## Task objective:
The whole listing below needs to be duplicated exactly, pictures aside.

## Data provided:
┄┄┄┄┄┄

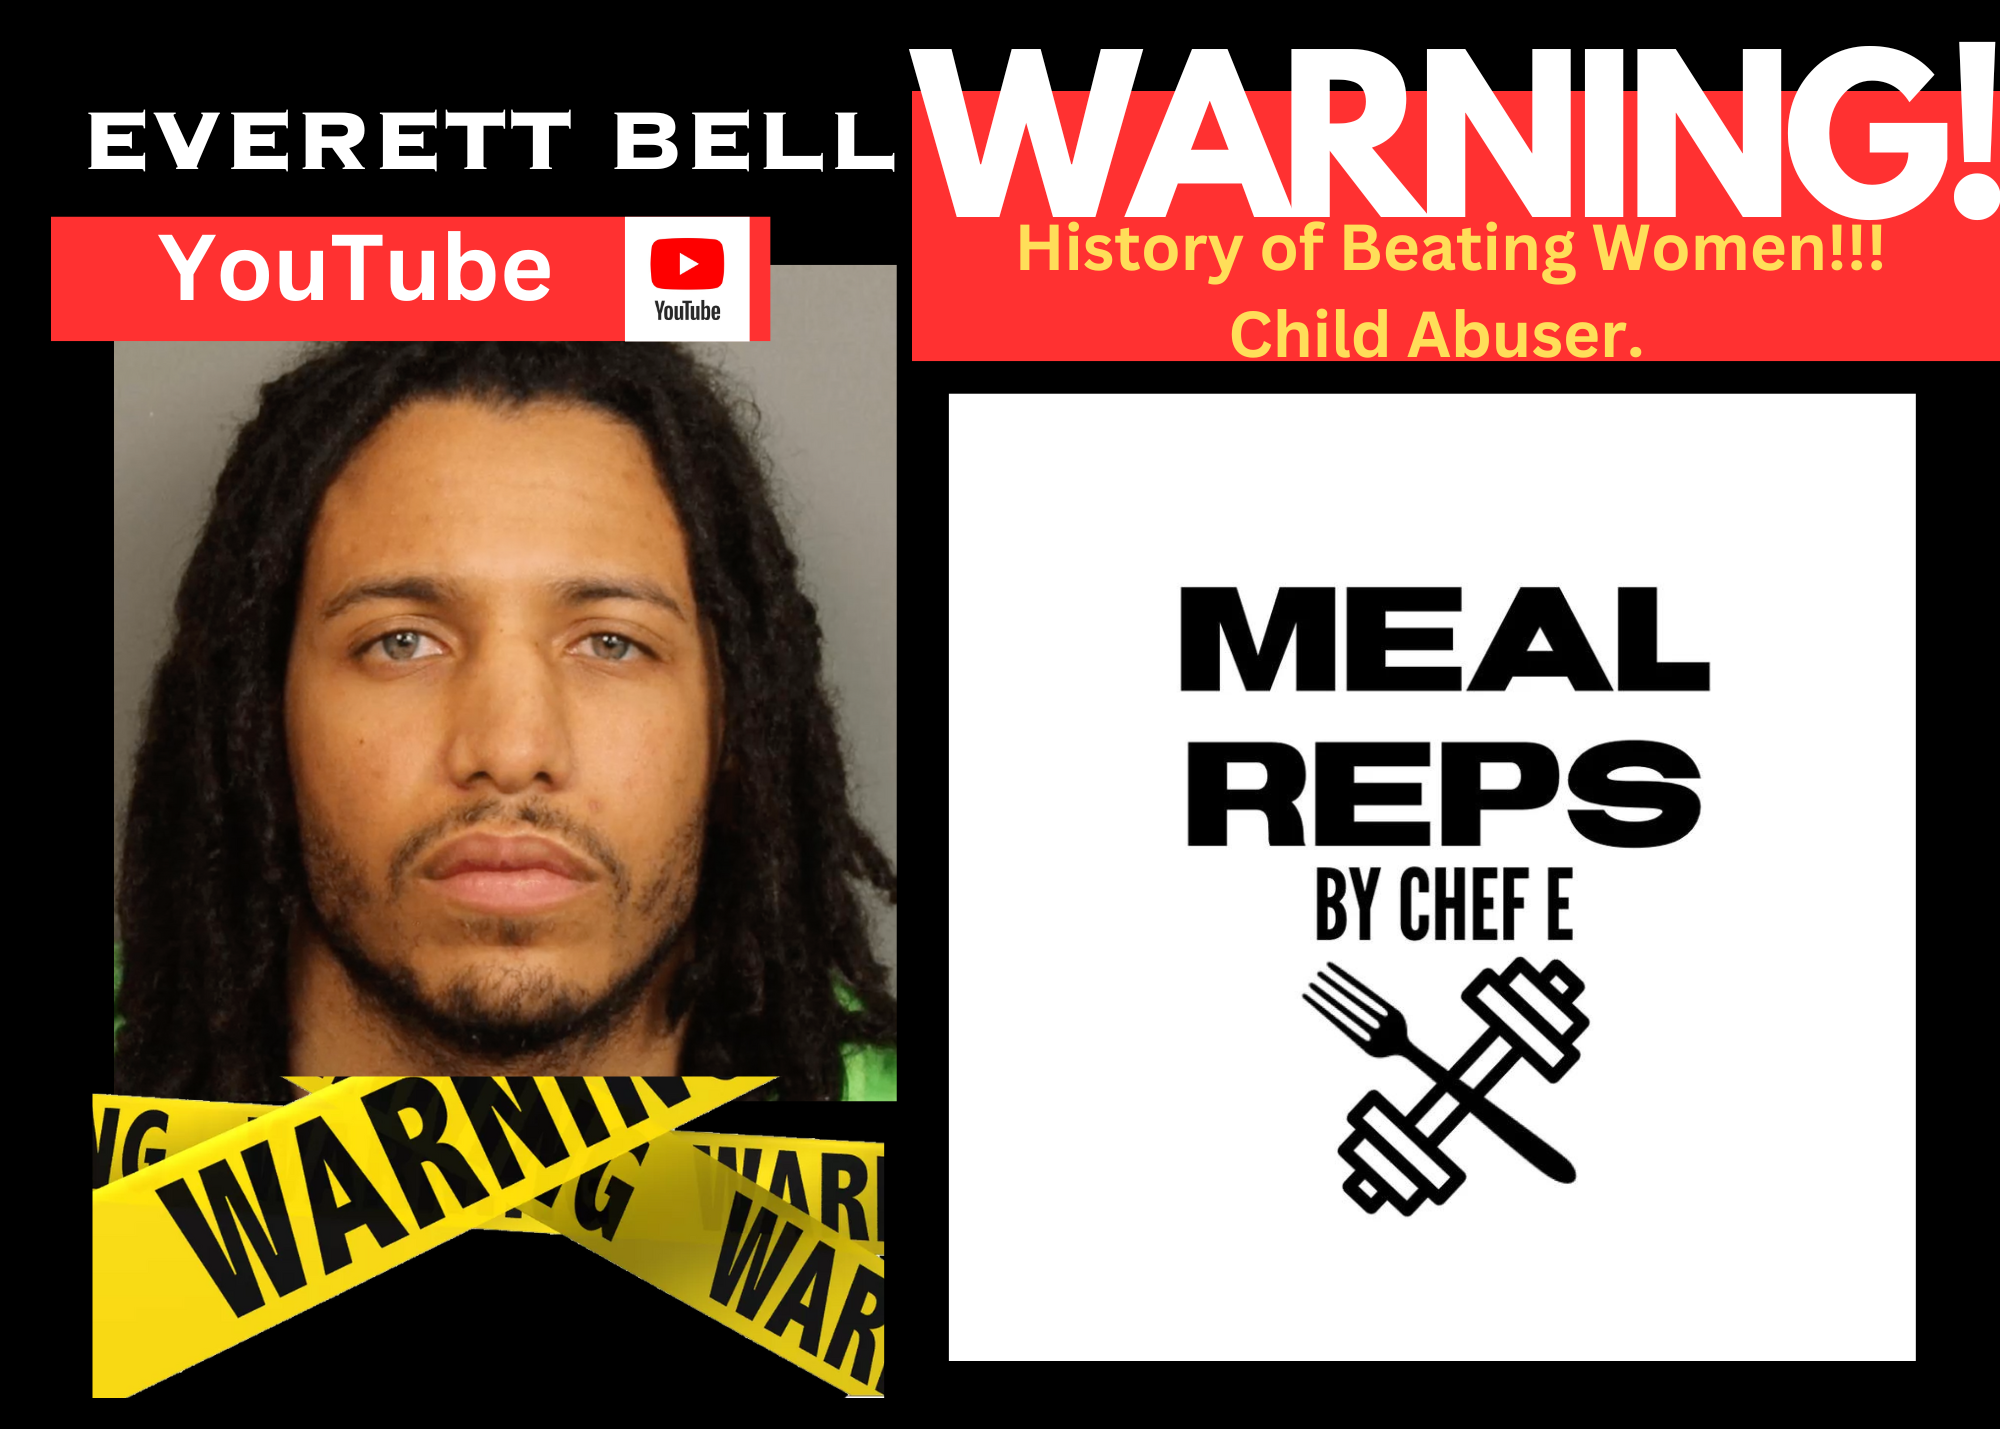 MEAL REPS by Chef E. WARNING TO ALL WOMEN!
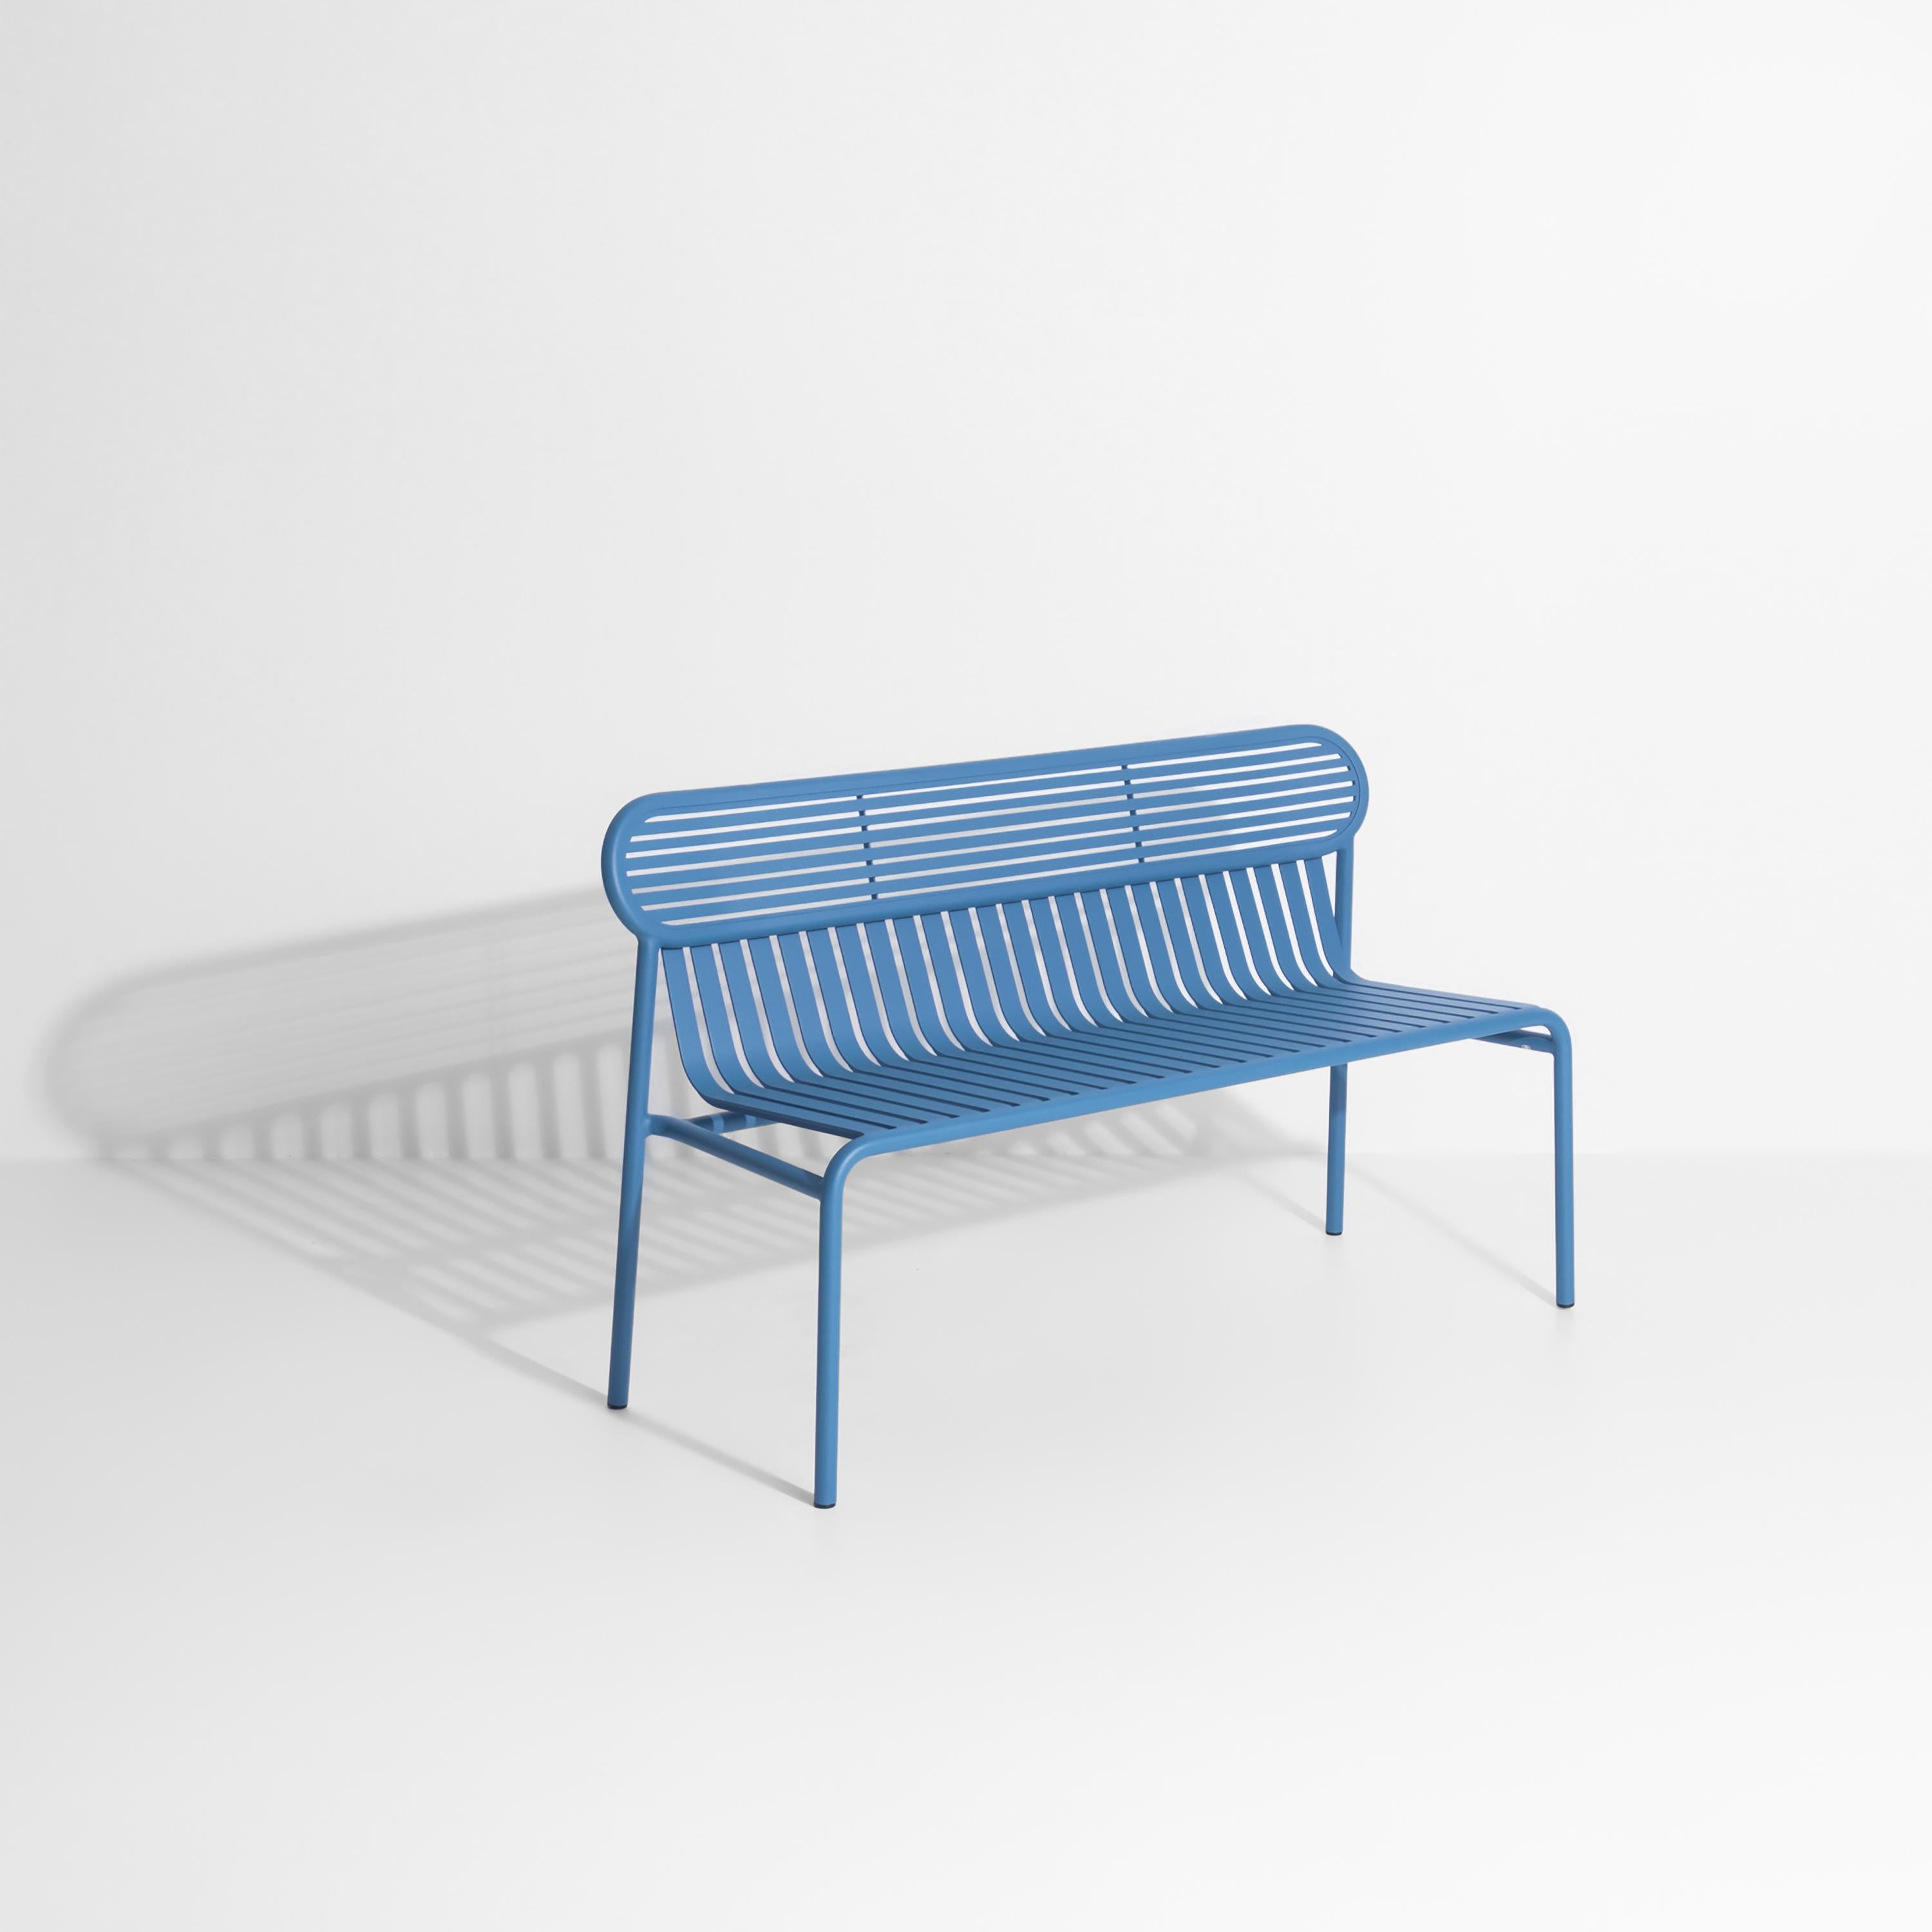 Petite Friture Week-End Bench in Azur Blue Aluminium by Studio BrichetZiegler, 2017

The week-end collection is a full range of outdoor furniture, in aluminium grained epoxy paint, matt finish, that includes 18 functions and 8 colours for the

┄┄┄┄┄┄

## Completed exercise:
 MEAL REPS by Chef E. WARNING TO ALL WOMEN!
 Petite Friture Week-End Bench in Azur Blue Aluminium by Studio BrichetZiegler, 2017

The week-end collection is a full range of outdoor furniture, in aluminium grained epoxy paint, matt finish, that includes 18 functions and 8 colours for the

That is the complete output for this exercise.